PLATON – Le Second Hippias (Version 2)

Donneuse de voix : Domi | Durée : 57min | Genre : Philosophie


Socrate Musee du Louvre

Il n’existe pas de datation, ni de l’écriture du dialogue, ni de la date de ce dernier. Le Second Hippias, traduit aussi par Hippias mineur est considéré comme une œuvre de (relative) jeunesse de Platon pour des raisons essentiellement stylistiques. (d’après Wikipédia)

Le texte qui traite du mensonge peut se réduire à deux propositions :
1° Au fond il n’y a pas de différence entre le menteur et l’homme sincère, celui qui sait la vérité sans la dire ne la sachant pas moins que celui qui la sait et la dit.
2° Le menteur, celui qui trompe sciemment et volontairement ses semblables, vaut mieux que celui qui les trompe involontairement et en se trompant lui-même ; car ce dernier est inférieur au premier en science et en volonté.

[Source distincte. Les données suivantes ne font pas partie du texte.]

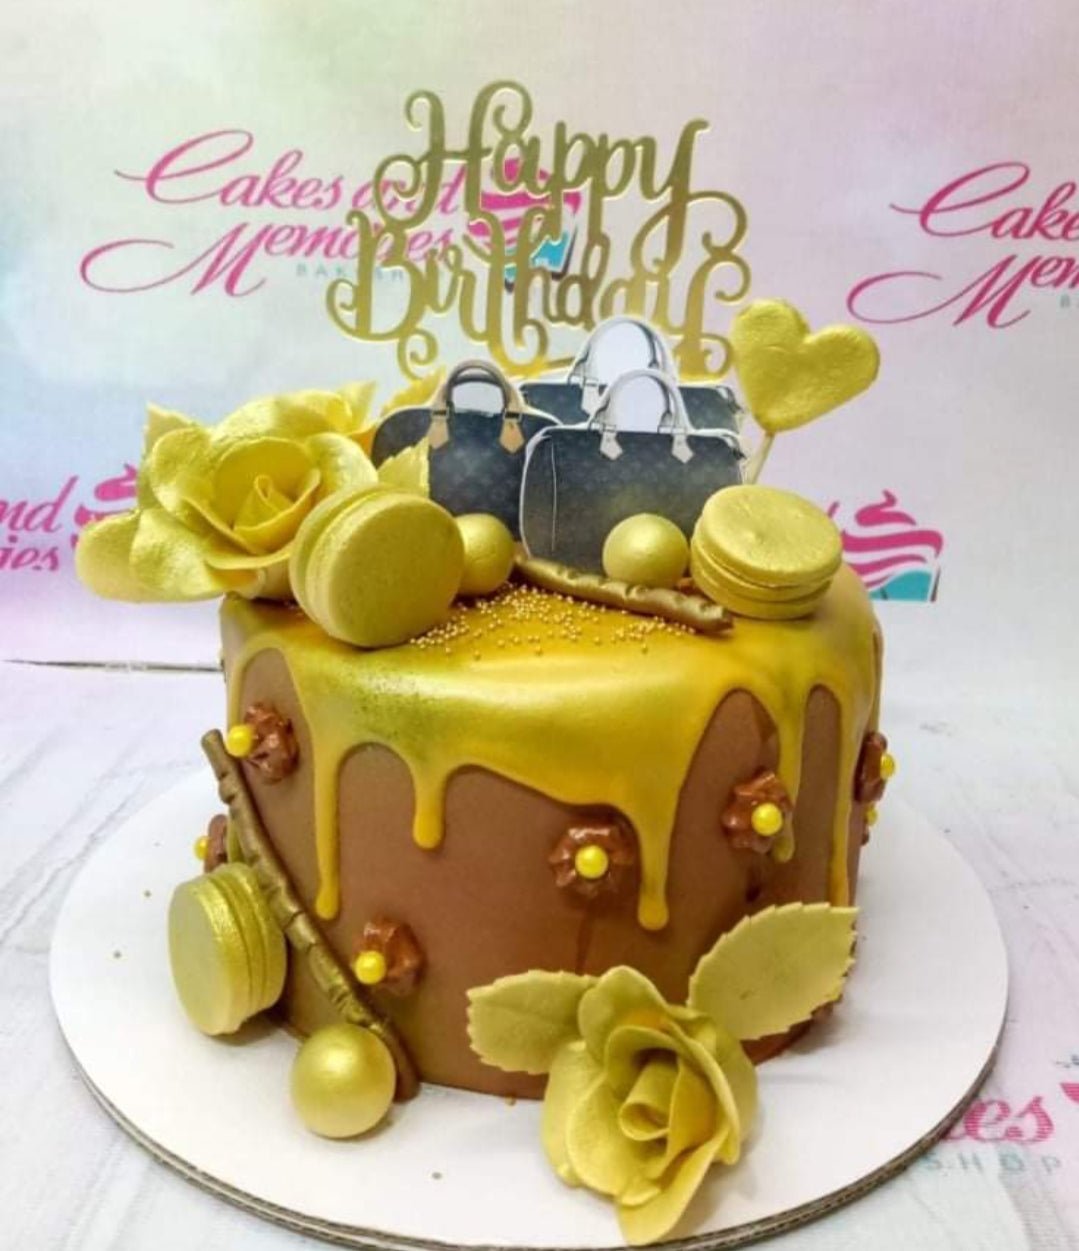 Bags & Shoes Cake - 1107 – Cakes and Memories Bakeshop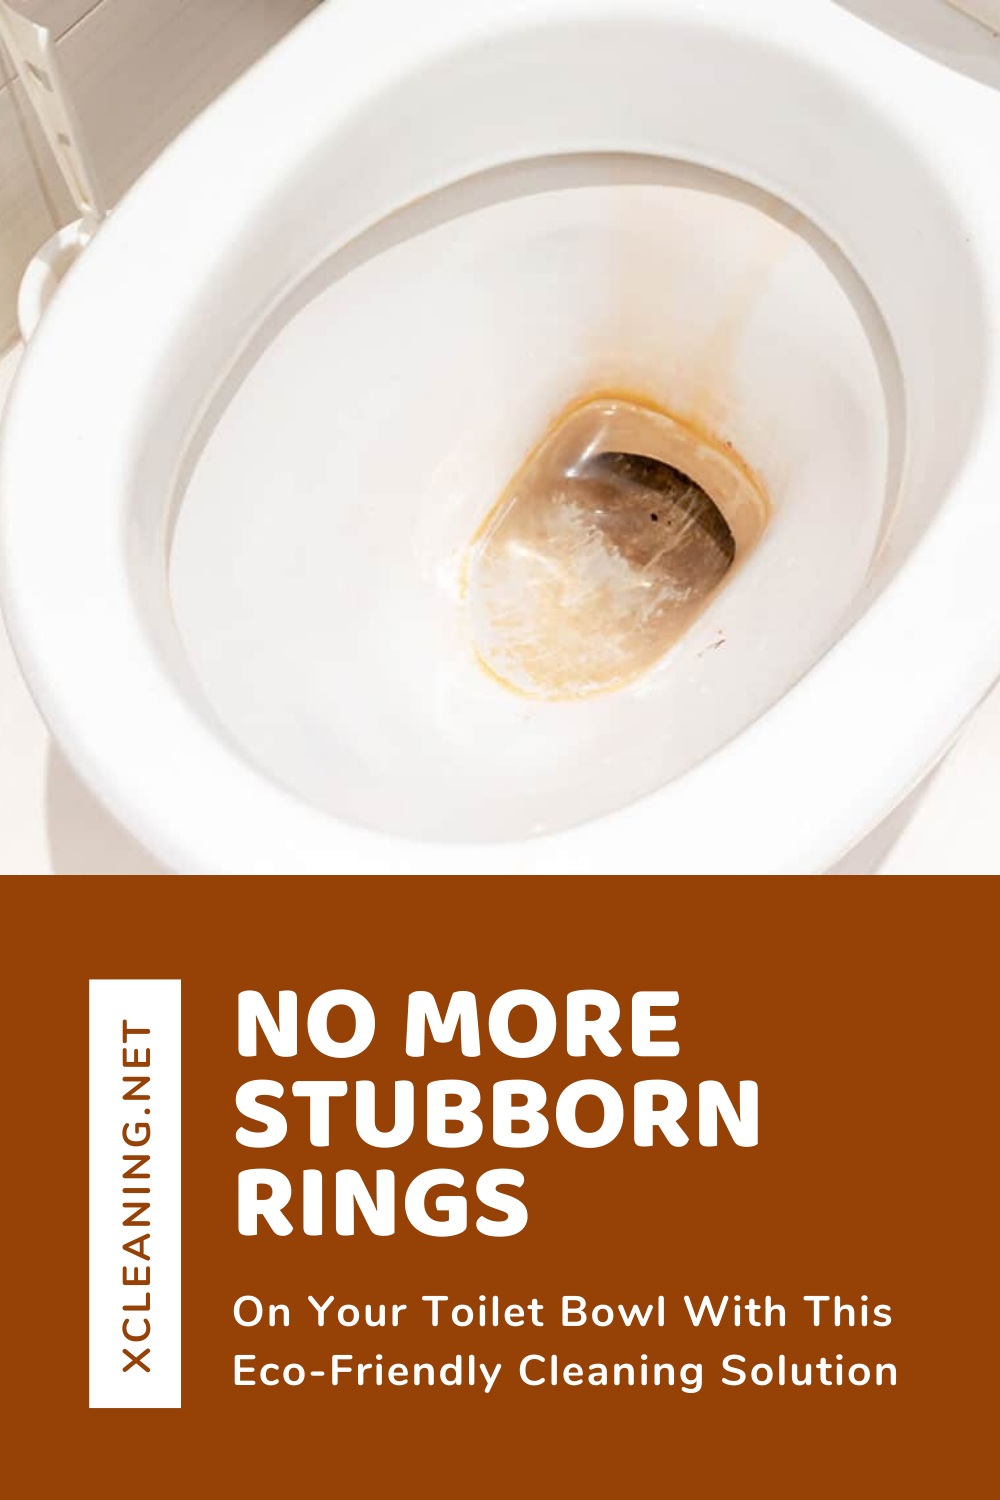 No More Stubborn Rings On Your Toilet Bowl With This Eco-Friendly

D’où il suit que l’homme volontairement injuste, qui, connaissant le bien, prémédite le mal et l’accomplit, est meilleur que l’homme involontairement injuste, qui, faute de lumières prend le mal pour le bien et fait l’un pour l’autre. (d’après Wikisource)

Traduction : Victor Cousin (1792-1867).

Il existe une première version dans la traduction Chambry sous le nom Hippias Mineur. Elle est lue par Gauthier Manesse.

Le Second Hippias.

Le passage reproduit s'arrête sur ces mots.